Après une éternité de silence, don Elmo referme son livre, acquiesce, puis consulte sa Patek Philipe au verre ébréché. Le geste est trop furtif pour que Volpino n’ait le temps de capter le modèle. Il ne voit que les doigts de l’N-GE, l’albâtre qui prend vie, se serrer sur l’épaule du parrain.

— Demain matin, mes hommes viendront vous chercher. Otages de la famille des deux côtés. Je m’en porte garant.

Volpino déglutit.
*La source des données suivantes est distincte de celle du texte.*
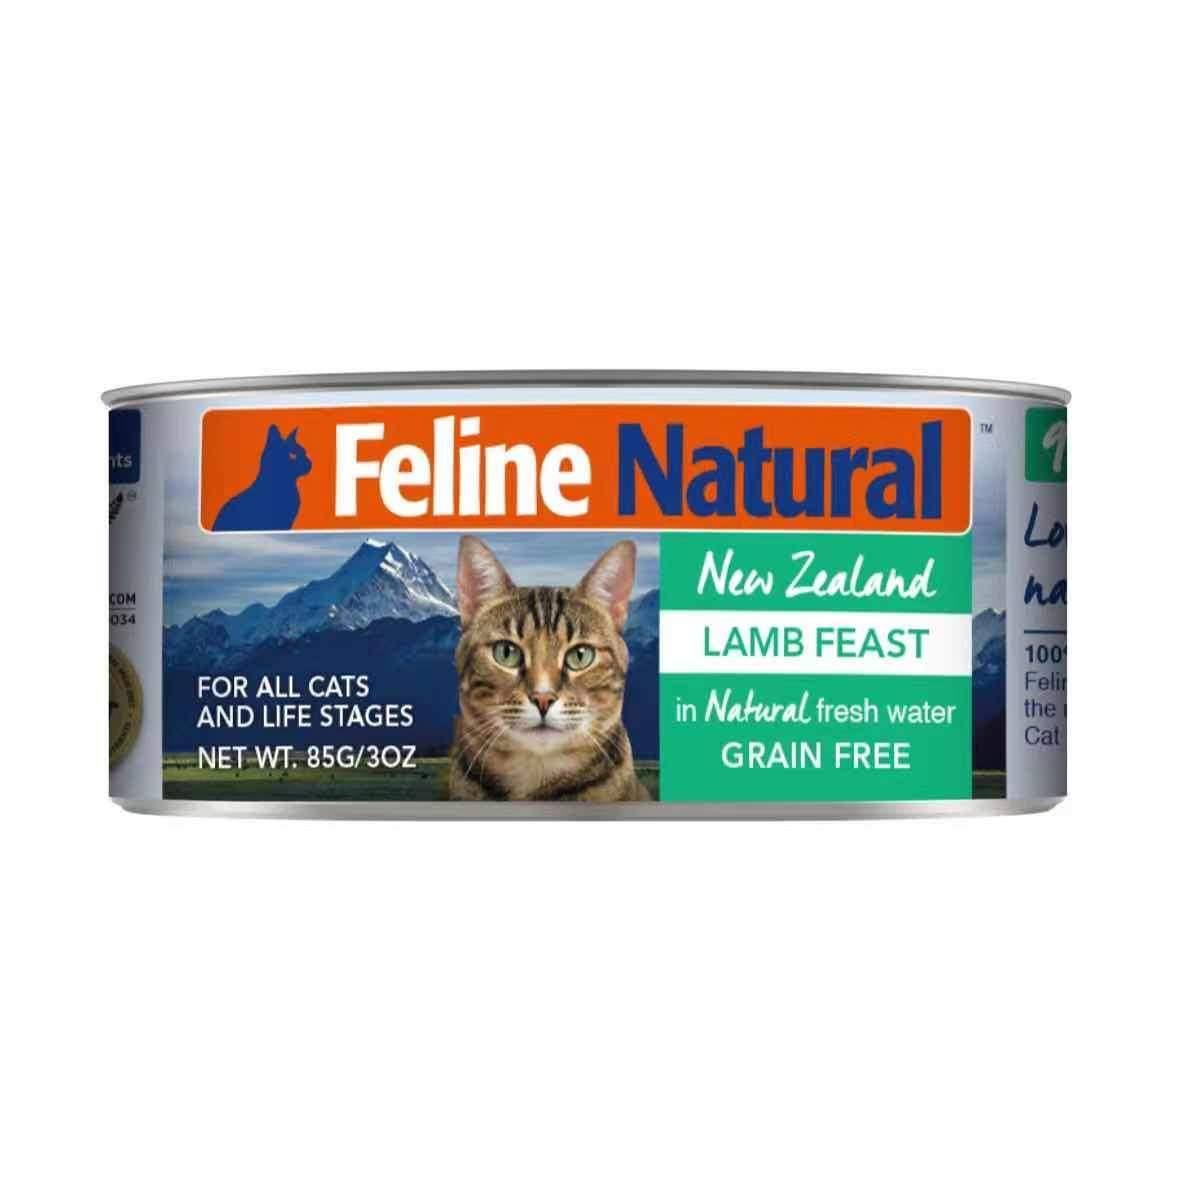 Feline Natural Lamb Feast Cats Food Pack - 24pk, 170g

L’organisation que ça implique, les délais... Mais la proposition ne se refuse pas. La main de l’N-GE ventile la fin de l’entretien. Le Diable jaillit dans le dos de Volpino et le redresse d’autorité. Ses articulations craquent. Un sac sur sa tête et une plaisanterie sur sa longueur pénienne plus tard, Volpino regrette presque. Il n’a pas osé demander son nom à la dame. La bite à l’air, ça aurait marqué mal.
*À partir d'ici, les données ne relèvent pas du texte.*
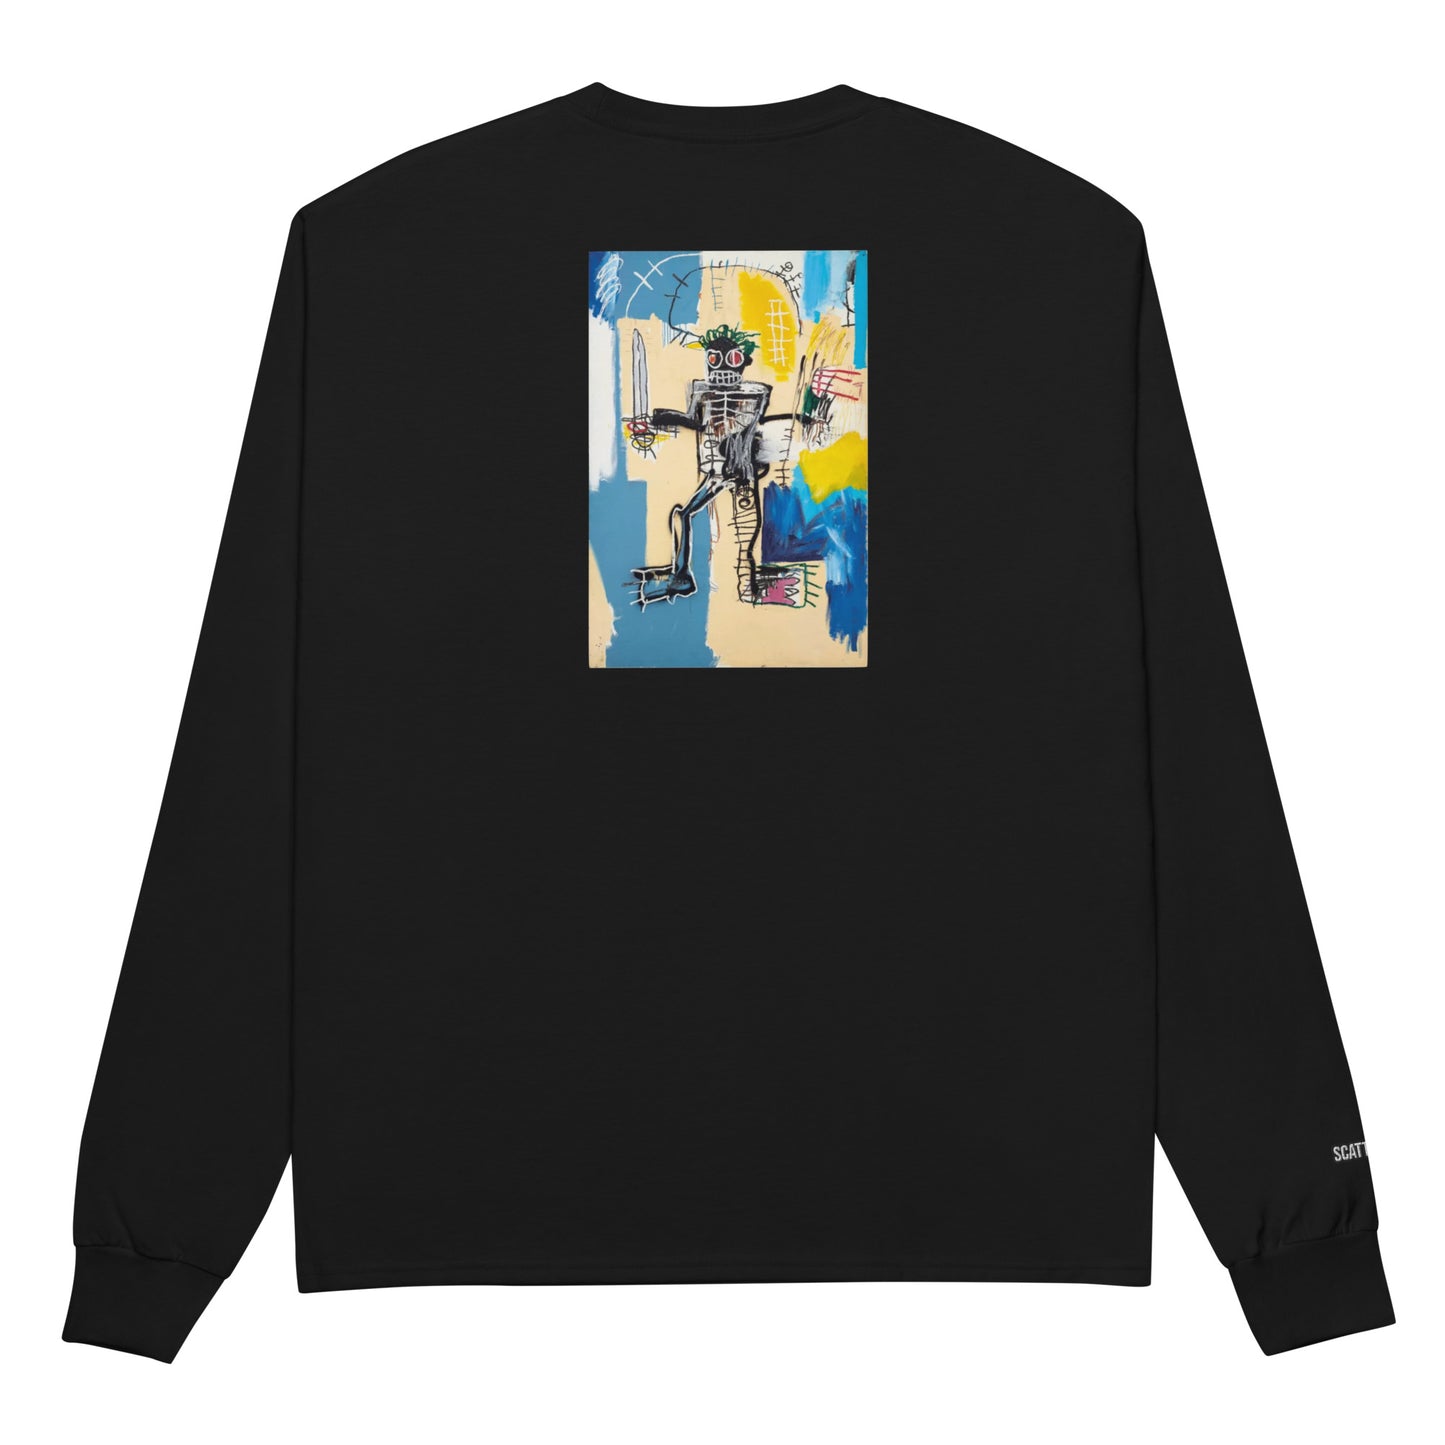 Jean-Michel Basquiat "Warrior" Artwork Printed Premium Black Champion Crewneck Long Sleeve Shirt Scattered Streetwear

Le Diable et son escorte toquent à l’aube. Maman ouvre sans poser de question. Elle reste digne jusque dans le baiser qu’elle laisse sur le front de son fils, un baiser qui a l’humidité poisseuse de toutes les promesses que son père n’a pas su tenir.

Après une fouille intégrale – la seconde en deux jours, Volpino est convaincu que ça lui plaît à cette pédale d’ex-militaire chauve, ça et briser les genoux de ses gars, douze qu’il lui en doit –, les Bianchi conduisent les Arculeo vers une crique déserte loin de Catane. Le voyage en aveugle est un orage de phosphènes dans un silence hermétique. Volpino sent contre son genou les tremblements de Berto, son second.

Les pieds plantés dans le sable, on les décagoule et les laisse cuire sous le cagnard plus d’une heure durant. Aucun n’en mène large sous les éclats des fusils d’assauts des hommes du clan Bianchi. La configuration est propice à un piège, mais Volpino ravale son commentaire.

Quand les bruits de roulements reviennent, il réprime un frisson. L’N-GE irradie d’une lumière aveuglante en contraste des BMW Gespenst Vantablack garées sur la falaise. Elle accompagne don Elmo dans la descente, bras dessus, bras dessous, jusqu’à la plage. Si l’homme n’a pas besoin d’aide, il aime se faire désirer.

Un coup de coude de Berto ramène Volpino aux petits graviers dans ses chaussures.

— C’est pas ce qu’on voulait hein, Volpino ? Jouer dans la cour des grands ?

Arrivé près d’eux, don Elmo le salue à peine puis s’éloigne. Une subtile façon de prendre de la distance dans l’attente du dernier concerné : le seigneur Caponi. Volpino a les jambes raides ; l’N-GE montre les dents. Il n’est toujours que ce petit renard de la veille, tétanisée face à la mort qui lui sourit en biais.

Tout va partir en vrille. Cette certitude se plante entre ses côtes.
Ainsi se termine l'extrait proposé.